Friday, January 31, 2020

Brexit Day - thoughts

A short post. I had planned something much, much longer, but my ability to be in the right place mentally for writing comes in waves, and I'm in a bit of a writing funk right now. (With that in mind, on the next upswell, I'll try to write two posts a day, but only release one, so I have a large backlog)

Anyway, today is the day the UK legally leaves the EU. While it's negotiated an agreement that for the next 11 months, a lot of things will not change, it is utterly crucial to note that the UK, legally, will be out of the EU for that entire time.

Prior to this, and prior to the Brexit deal passing Parliament, the UK was legally 'stuck'. It had legally announced it was going to leave, but had no way to do so.

The UK effectively was trapped. Parliament wanted it to leave, but gave it no ability to leave. The EU had (and still has) no ability to remove a country in that situation.

This is miles away form the new situation. The UK now simply has a deal with the EU, a deal either side can rip up.

Countries break deals all the time. Germany had a deal with Belgium in 1914 that it would consider Belgium a neutral country, yet sent its troops in. The only thing that the other side could do, beyond war, which in this case, is not going to happen, is international arbitration. In such a case, the party that broke the treaty would clearly lose, but, any such 'court' has no ability to literally turn back time and force a party to comply. Compare this with the situation the UK was in prior to the brexit agreement, where the force holding them back was not some toothless international commission, but, argubally, the Constitution of Britain itself.

Once the clock strikes midnight in Brussels, the UK is effectively 'free'. It could decide, likely with penalties, to break any transition period treaty, and leave all EU institutions.

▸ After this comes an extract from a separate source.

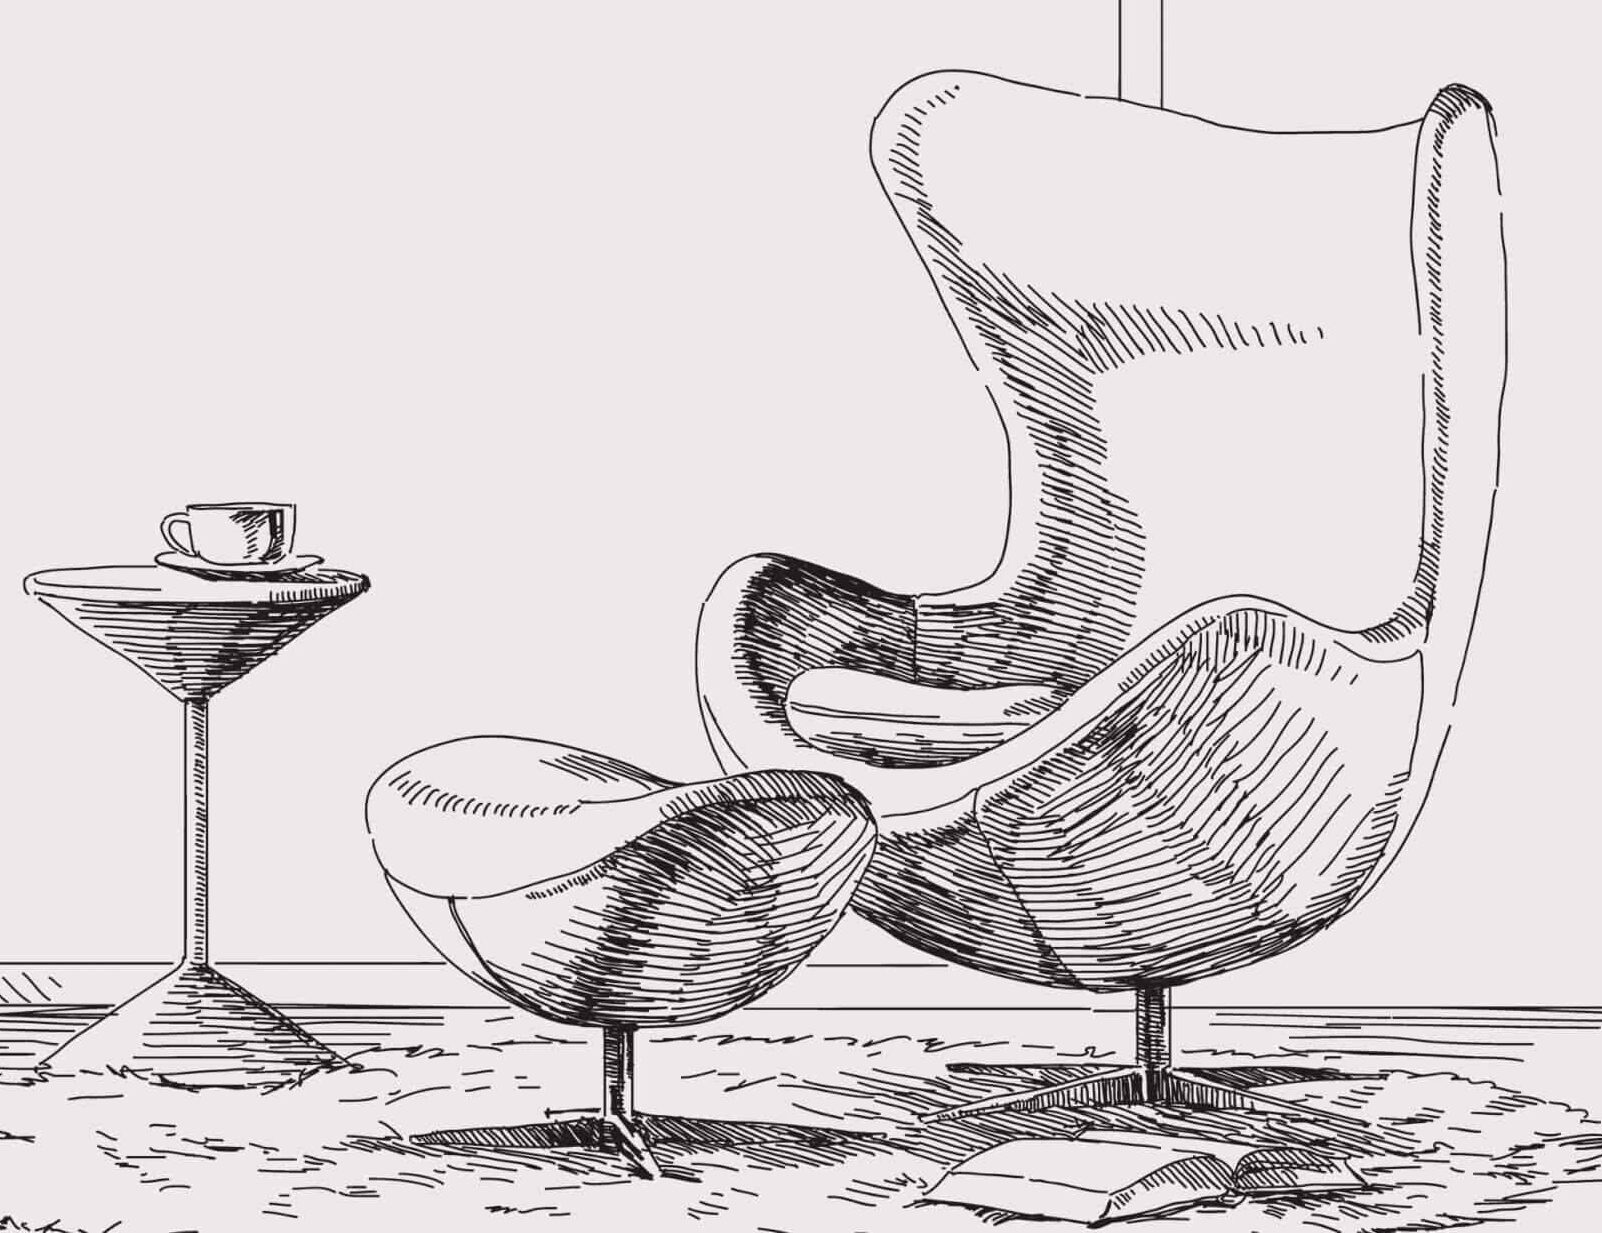 https://alayoubi.com/wp-content/uploads/2017/05/image-lined-chair-2-e1618996742841.jpg

Or, it could extend the transition period forever, effectively 'staying in the EU'. It is similar to when your contract for your Cell Phone or Apartment Rental runs out and both you and the people you are contracting from agree to continue on a 'month to month basis'. A UK deciding to extend the transition period forever is far different from one 'stuck' in the EU, just as you being on a month-to-month agreement with a cell phone provider for 3 years is far different than you being in a contract for 3 years.